122 – Trees on the level

Given a binary tree, write a program that prints a level-order traversal of the tree. In a level-order traversal of a tree, the data in all nodes at a given level are printed in left-to-right order and all nodes at level k are printed before all nodes at level k+1.

For each completely specified binary tree in the input file, the level order traversal of that tree should be printed. If a tree is not completely specified, i.e., some node in the tree is NOT given a value or a node is given a value more than once, then the string “not complete” should be printed.

The input is a set of (n, s) pairs, where n is the value at a node and s is a string that specifies the path to that node starting from the root. For example, (10, RL) is the node at root –> right –> left, and has a value 10. The root has a blank string for its path — (5, ). [Source]

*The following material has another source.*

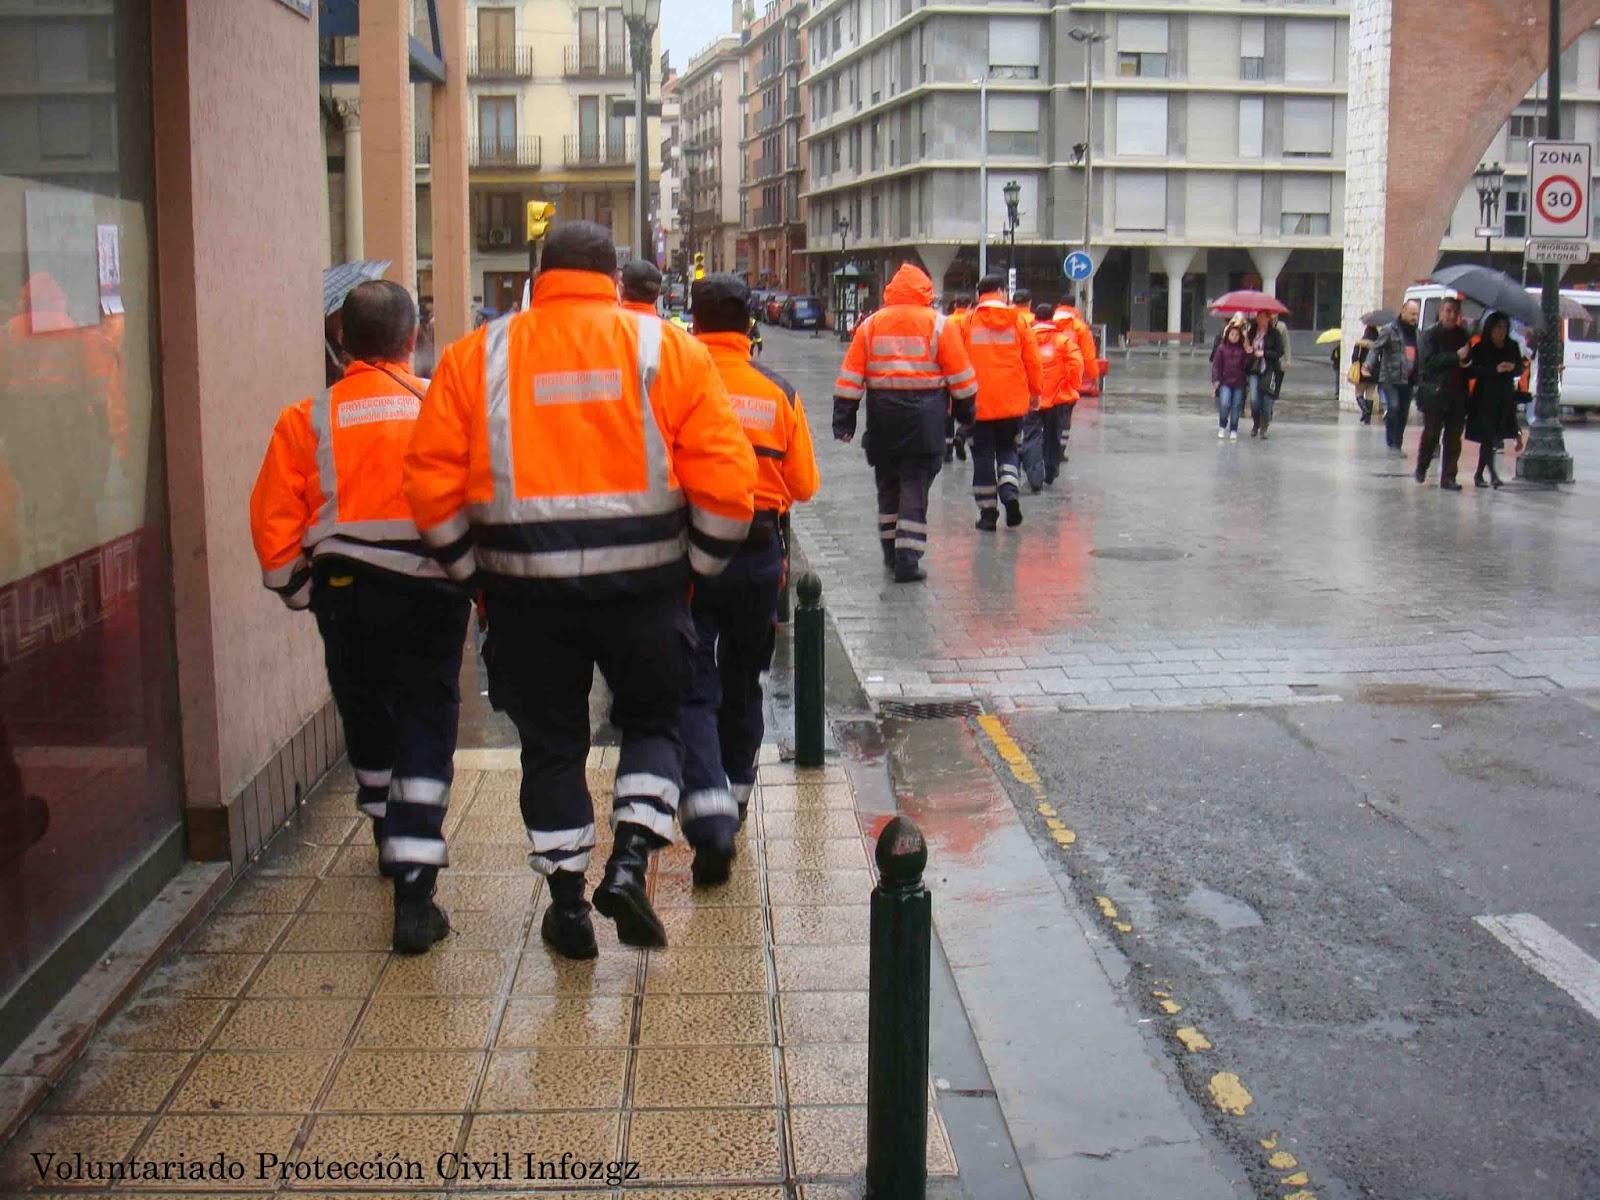 Voluntariado protecci n civil infozgz 05 01 13 - Tiempo en casetas zaragoza ...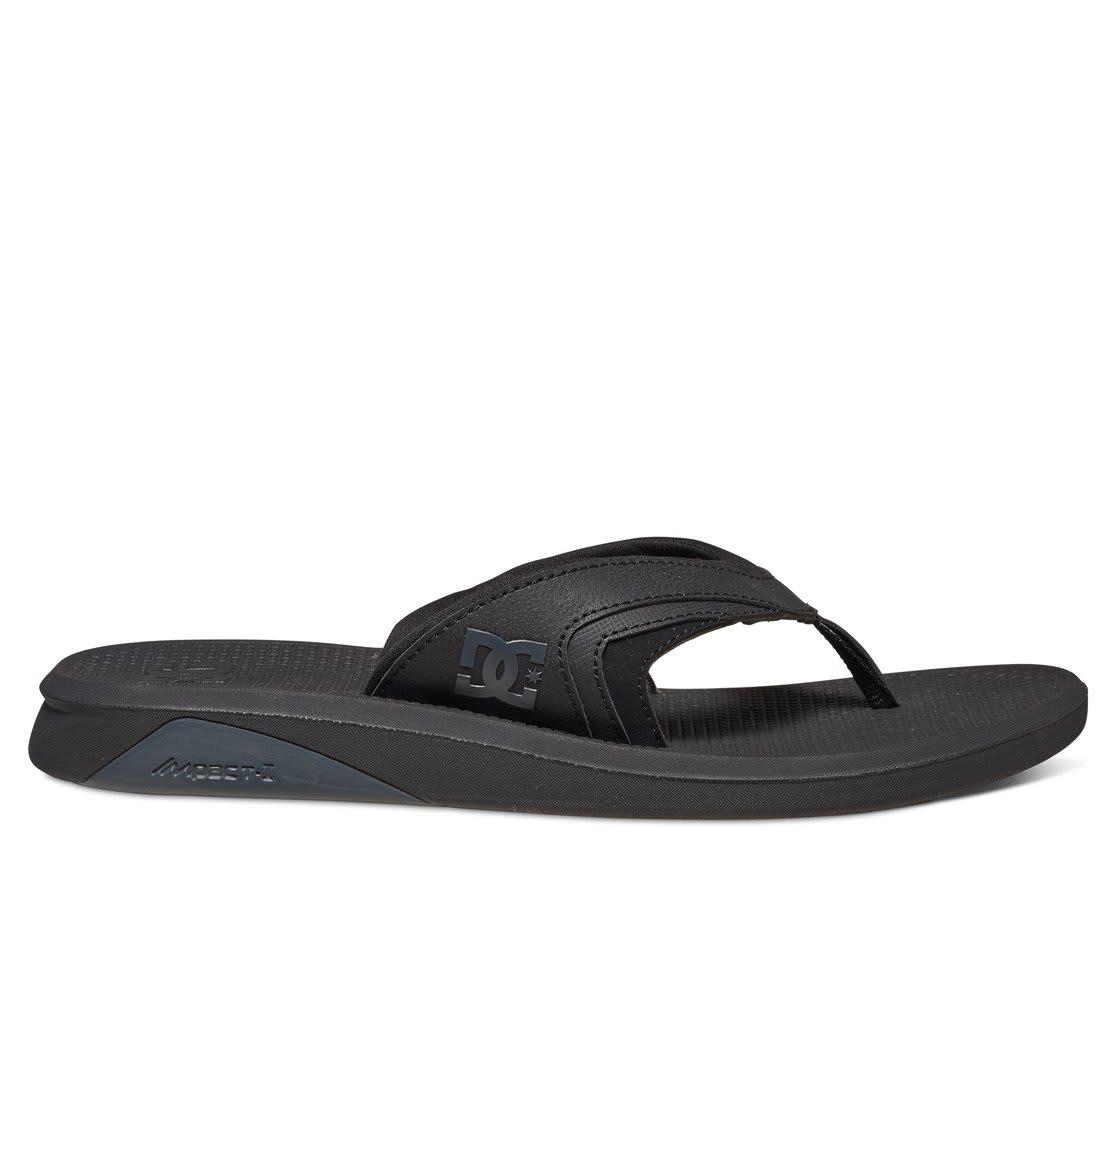 Shoes sandals flip flops - Dc Recoil By Bruce Irons Sandals

Category: graph theory, data structures, BFS

Discussion: There are several ways to approach this. The way I approached it is to assign a numeric position to each node based on its position in the tree and then doing a BFS starting from the root.

Assigning positional values is similar to the array representation of a binary heap. If a node has a position k, then its left child takes the value 2k + 1 and right child 2k + 2. The root takes a positional value of 0, ‘L’ takes 1, ‘R’ takes 2. The positional value can be computed using a the following recurrence.

P(root) = 0
P(path) = 2 * P(path – last_node_in_path) + 1, if last_node_in_path = ‘L’
P(path) = 2 * P(path – last_node_in_path) + 2, if last_node_in_path = ‘R’

Store the node (position, value) in a hash-table. Once this is done, do a BFS starting from the root (i.e. node with position 0), adding nodes at positions 2k + 1 and 2k + 2, if they exist, to the BFS queue. Eventually, when the queue is empty, you have a level-ordered traversal if you have as many nodes as were input. Else, the tree is disconnected and hence “not complete”.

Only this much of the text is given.